Globe & Mail, March 09, 2012
Barbara Moses, Ph.D, is an international speaker, work/life expert, and best-selling author of Dish: Midlife Women Tell the Truth About Work, Relationships, and the Rest of Life.
Four midlife women get together, and their talk quickly turns to what their twentysomething children are doing with their lives.
One boasts that her daughter won a Rhodes scholarship and is trying to decide between accepting it or an offer to work for a think tank in Geneva. The second says her son was recently promoted to vice-president - rumour has it that he is being groomed to become the next CEO. The third recounts how her child's social-media company was bought by a major technology company for seven figures.
The fourth woman doesn't say much. Her adult son works as a waiter and still lives at home. Though she understands the normal curve - and that it's impossible for everyone to be a super achiever - she still feels ashamed. What she hears and interprets from this exchange is: Everyone else's kid is a star, yours is loser. And you are both failures.
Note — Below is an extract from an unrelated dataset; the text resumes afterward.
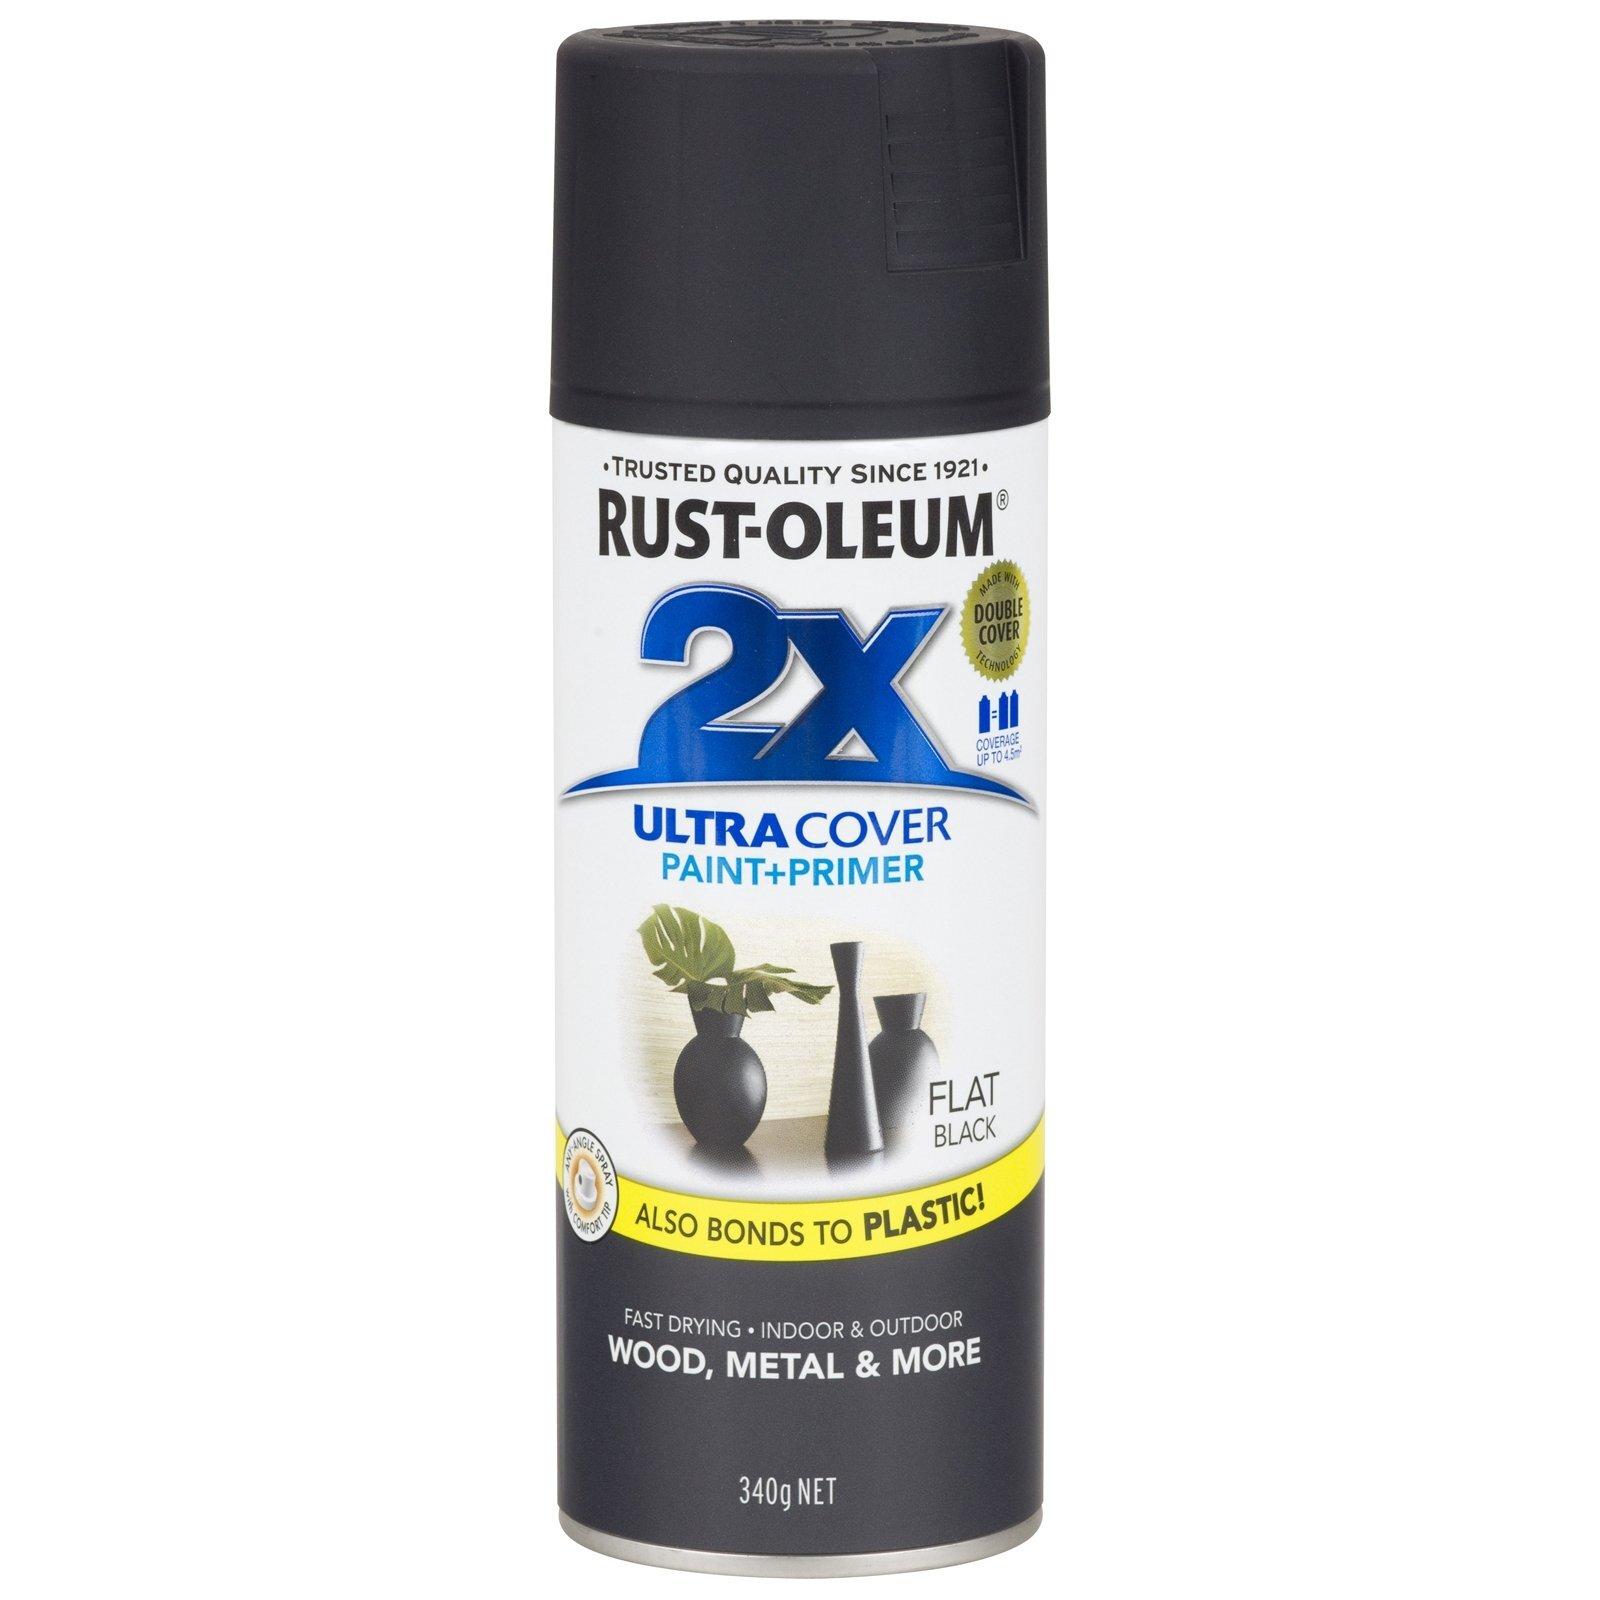 Rust-Oleum 340g 2X Ultra Cover Paint+Prime Flat Black Spray Paint

This kind of insidious social comparison is common among women. Many find it even more painful when the barometer is their child. But it doesn't end there. That mother who feels awful goes home and tells her son about the amazing achievements of everyone else's kids. This makes her son, who is already insecure and confused about his career path, feel worse.
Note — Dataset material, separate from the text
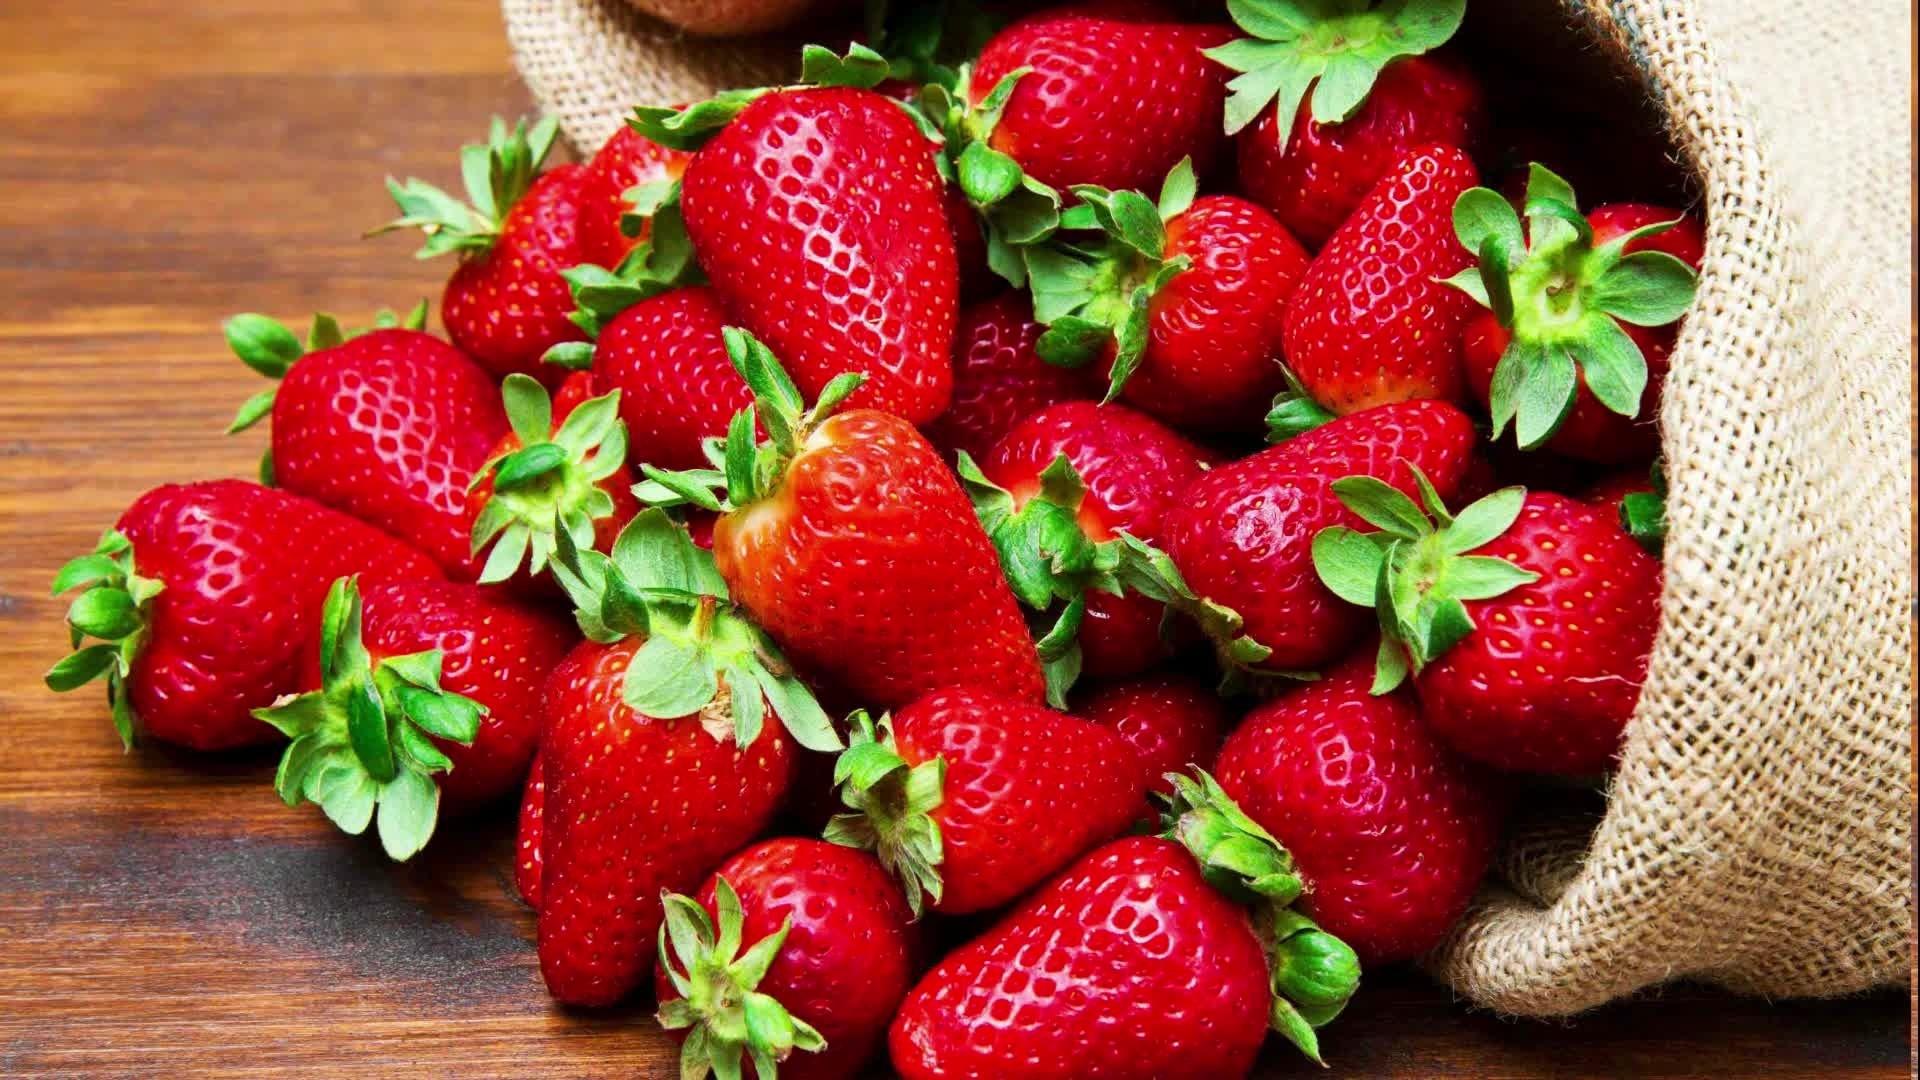 Strawberry Wallpaper

If the adult son or daughter has a partner or spouse, it's also common for mothers to think the partner isn't up to snuff, career-wise, and may be holding back her child.
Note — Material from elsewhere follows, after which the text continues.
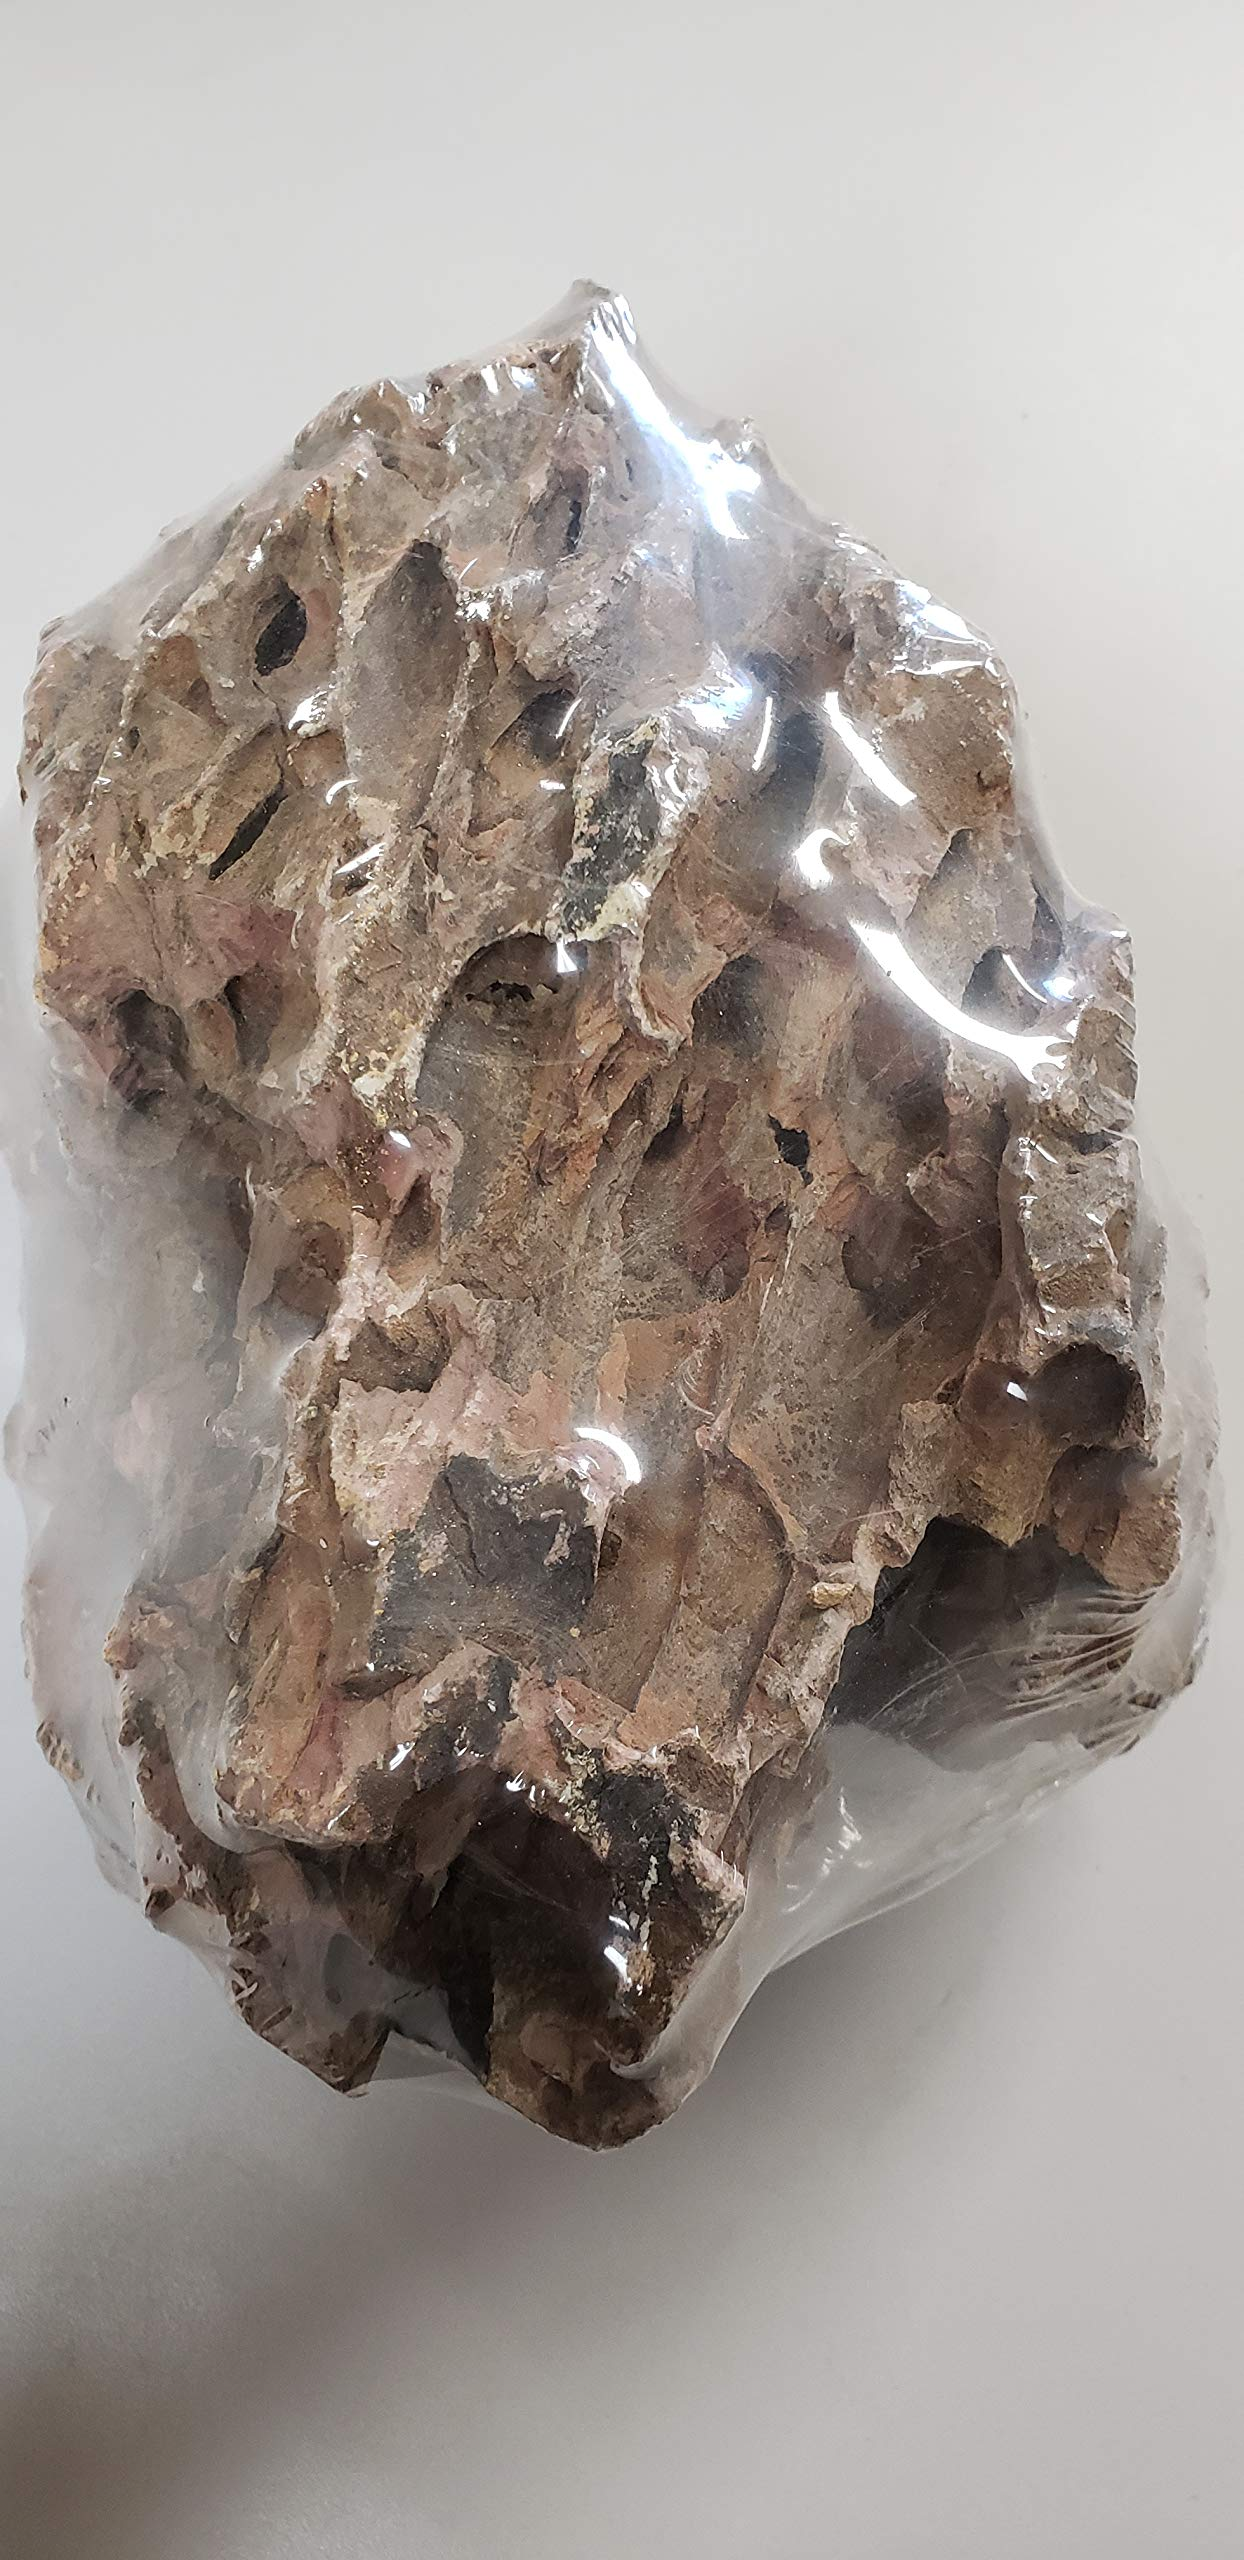 SevenSeaSupply Ohko Dragon Stone - 15 lbs. Mixed Size - PRE Washed - Individually Wrapped - - Aquarium Stone by SevenSeaSupply

In an informal survey I conducted with female friends and some of my clients, about 60 per cent said they were disappointed with their child's careers, or that of their child's partner. The mothers wished the young people were more ambitious, assertive or clearer about their career goals.
Boomer parents are accustomed to trying to control every aspect of their environment, so it's not surprising that they see their children, and their careers, as an extension of their own ego. My clients tell me that mothers are often so engaged in their child's job hunt, for example, that they send in, and follow up on, their kid's resumes; hiring managers think they are hiring the mother, not the child.
This is consistent with a Michigan State University survey of more than 700 companies, which found that 25 per cent of hiring managers had been contacted by parents encouraging them to hire their children. Employers said they were more likely to see mothers collecting company information and making arrangements for interviews.
So here's a suggestion for mothers: Stop taking and evaluating your children's or their partner's career temperature. It's their life, not yours. If they are not leaping up the career ladder, it doesn't make them - or you - a failure. And if they are successful in their career, it doesn't make you a success, either.
If you can't stop yourself from comparing your child to others, here's some advice to save not only your sanity but also that of your child.
Divorce your identities
Your children's career choices and economic successes (or failures) don't make you a better or worse person. It is natural to feel pleased or disappointed about their achievements or setbacks, but that shouldn't affect how you feel about yourself. Don't beat yourself up if your child pursues a career path that is different from the one you thought he or she was capable of. Remember, you are only one small factor in influencing your child's outcome.
Bite your tongue
Remember how irritated you would get when your parents opined about which career path you should follow, or lectured you about your decisions? Chances are you're not cooler than your parents were. When I ask twentysomethings whether their parents "get" their work options, most of them say no. Whether this is true of the parents' understanding is beside the point - what is important is what their children believe.
Lecturing only aggravates your children; it rarely produces the changes parents want. It's hard but necessary to accept that you are no longer their go-to person for counsel.
There is nothing more annoying than a speech that begins with, "When I was your age ..." When you were your child's age, the working world and career options were very different. Your experience may not be really relevant to your child.
Your child may not be following a clear career path. But rather than thinking: "This is it, my kid is a loser," concentrate on the possibilities ahead: "I wonder what will happen in the next chapter?" Many young people now don't find their career groove until they're in their thirties, a contemporary phenomenon sociologists call delayed adulthood. It's not over 'til it's over.
You cannot look at your children's accomplishments through the lens of their counterparts. Another person's apparent success does not shed light on how well your child is doing, nor does it mean that your son or daughter is deficient. And lay off on your child's partner; if he or she can live with that person's career choice, then so should you.
Let them own their choices
Allow your children to make their own decisions about the work they do and where they do it. Otherwise they will always wonder what might have happened if you hadn't intervened, and/or blame you for their career twists and turns. Don't deprive them of the sweet feelings of success that come from knowing they did it for themselves, not for (or because of) mom. As Bob Dylan once observed, your sons and daughters are beyond your command.